But more importantly, you earn frequent flyer miles at the same time. As you go about planning your next holiday, wouldn’t it be nice to be able to swap your air points for a free air ticket?

Trouble is, if you just sign up for the first air miles card you see and only use it when you remember it exists, chances are you’ll never collect enough points to even make it to KL. Collecting air miles needs to be done strategically with the right card.

Here are the best credit cards for air miles in Singapore, plus some useful info on how they work so you can game the system.

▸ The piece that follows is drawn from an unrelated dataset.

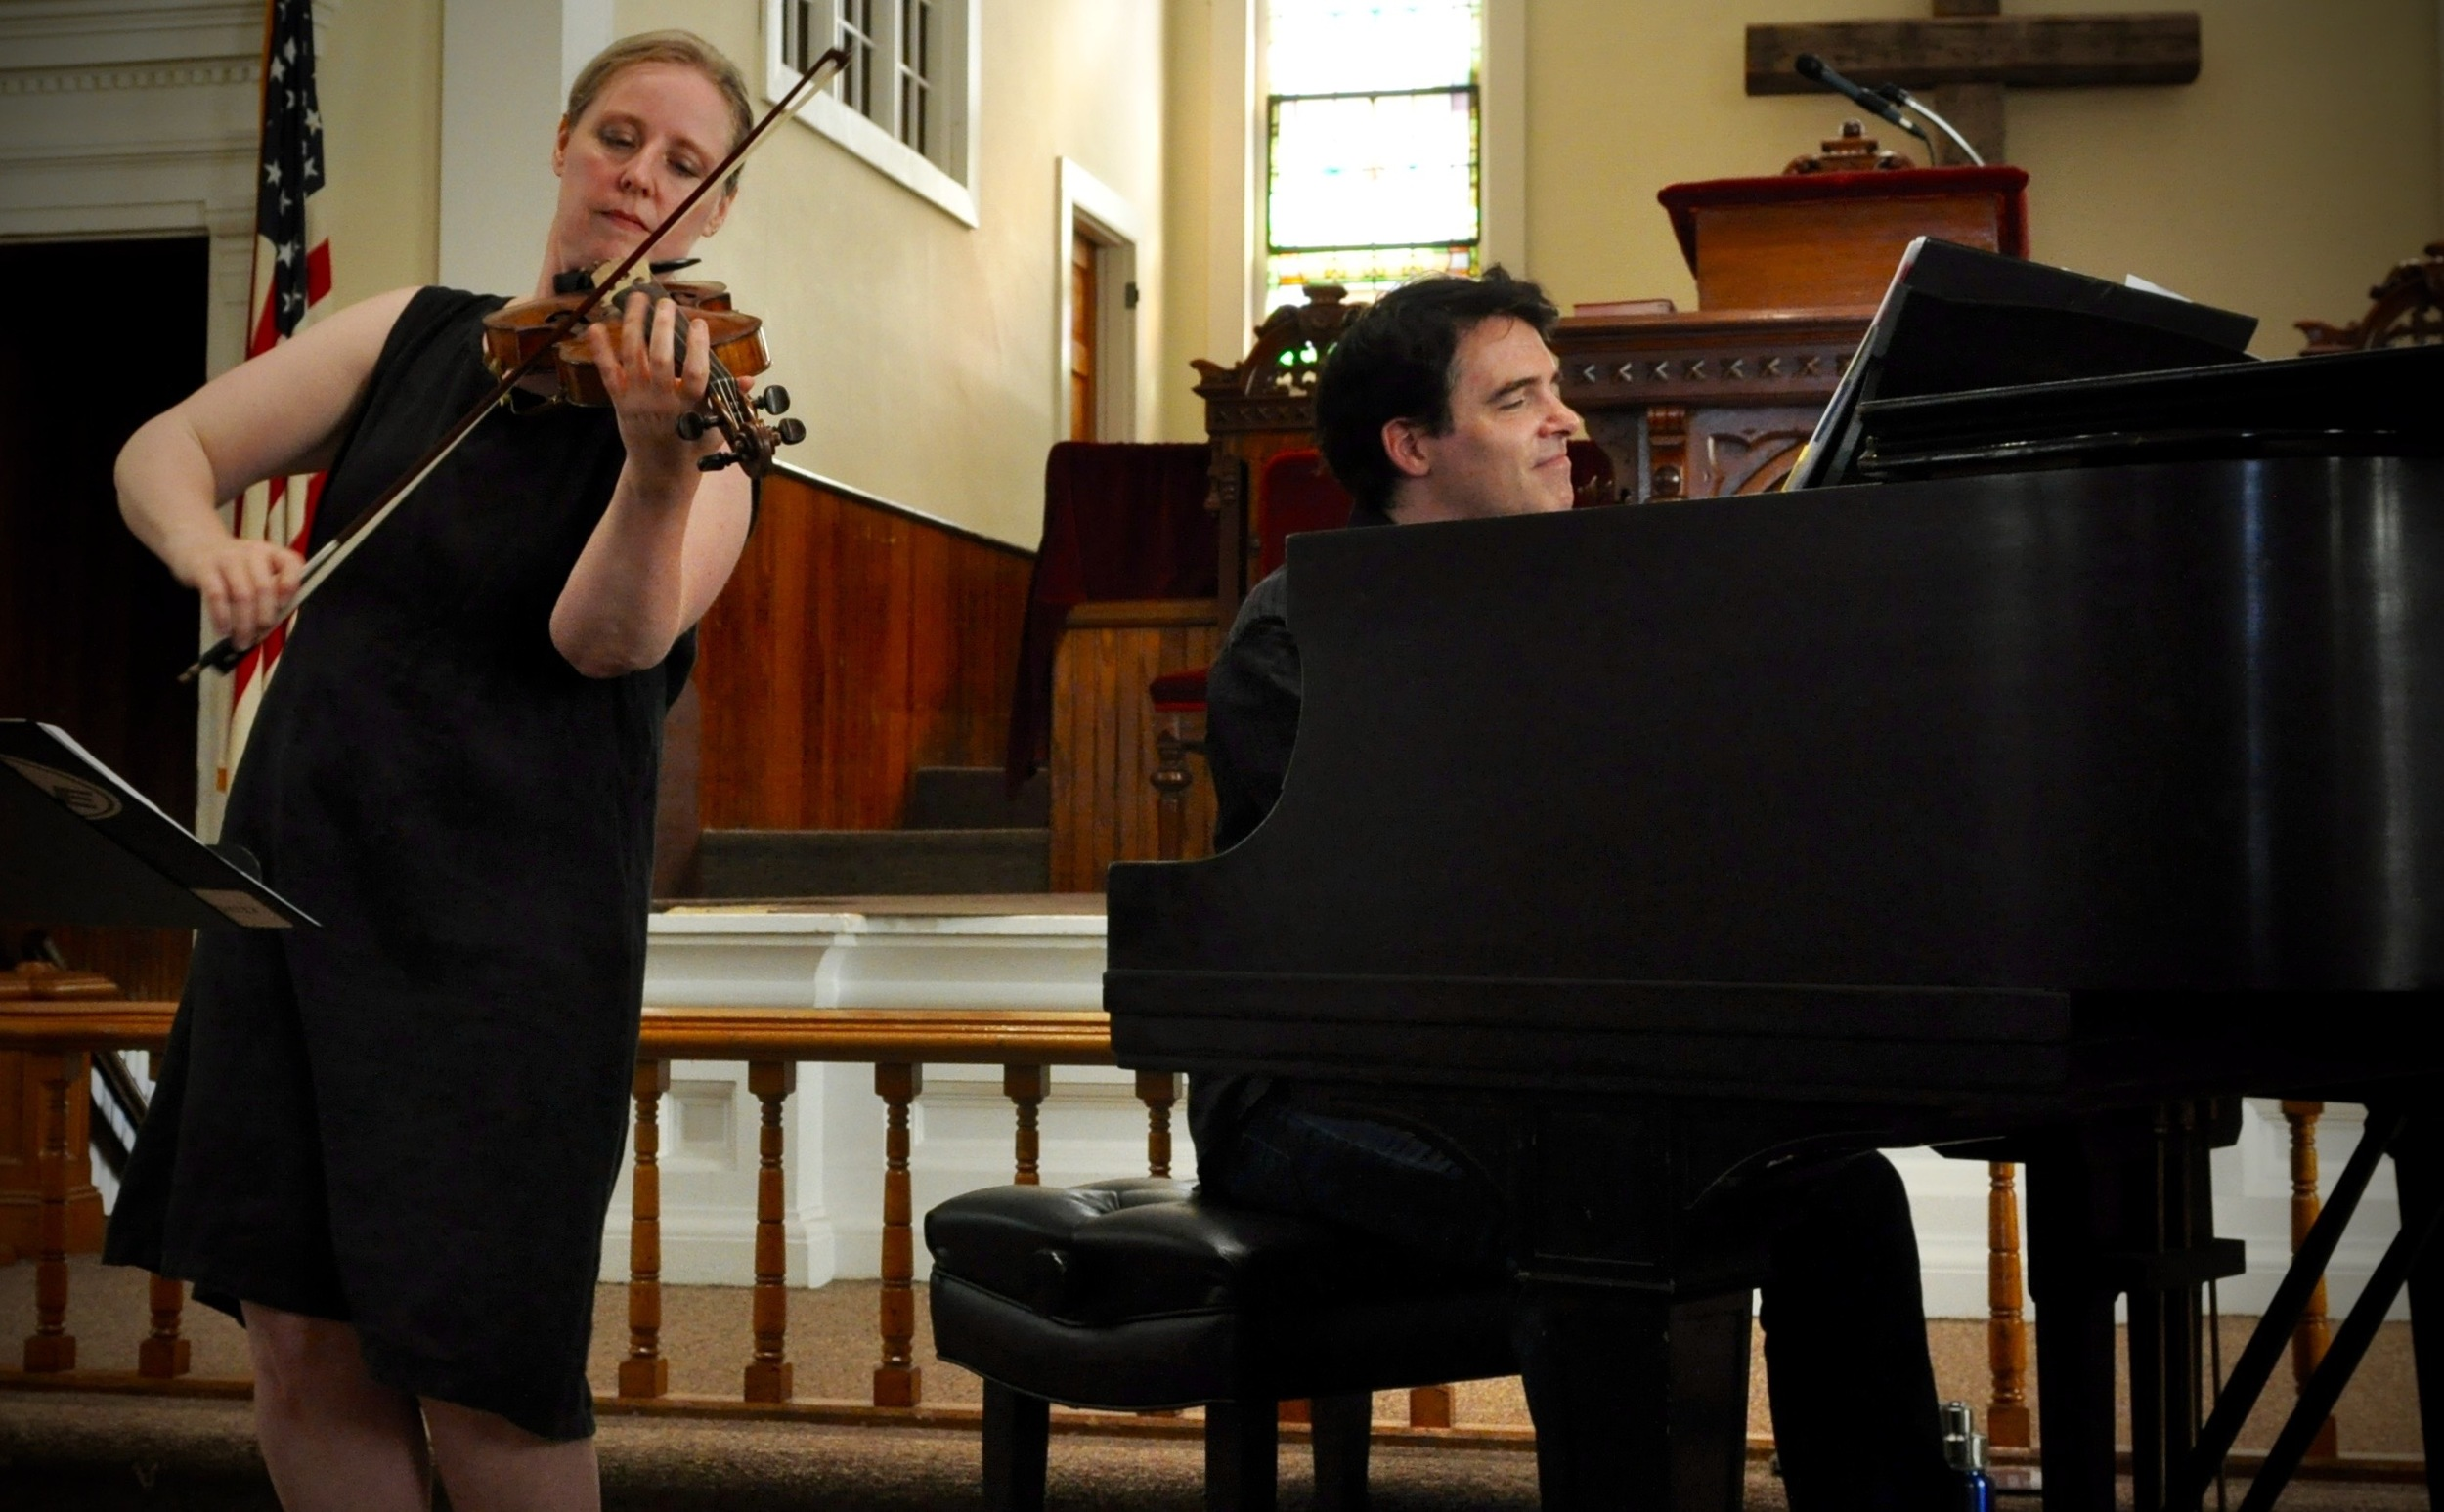 Fiddler Gretchen Koehler and pianist Daniel Kelly. Photo: Alicia Bodmer

1. Best air miles cards in Singapore 2023

Best for 

Best air miles credit cards

Miles that don’t expire

Citi PremierMiles, DBS Altitude, OCBC 90°N

Earning KrisFlyer miles

Amex KrisFlyer, UOB KrisFlyer

Everyday spending

UOB KrisFlyer, Maybank Horizon, HSBC Revolution

One-off expenses

UOB PRVI Miles, Amex KrisFlyer

Petrol

Maybank Horizon, DBS Altitude

Dining

UOB KrisFlyer, UOB PRVI Miles

Online shopping

 UOB KrisFlyer, OCBC 90°N, HSBC Revolution, Standard Chartered Journey Credit Card

Overseas spending (foreign currency)

UOB PRVI Miles, DBS Altitude

2. Citi PremierMiles Card

If the thought of spending thousands of dollars in just a couple of months makes you blanch, you need a card with miles that don’t expire so you can take your time to slowly accumulate them. This is especially the case if you’re a fresh grad or a generally frugal person without any big expenses coming up. Enter the Citi PremierMiles Card!

While the earn rate of such cards is typically not that great, the Citi PremierMiles offers a fairly attractive earn rate: 1.2 miles for every $1 of local spending, and two miles for every $1 spent on foreign currency spending.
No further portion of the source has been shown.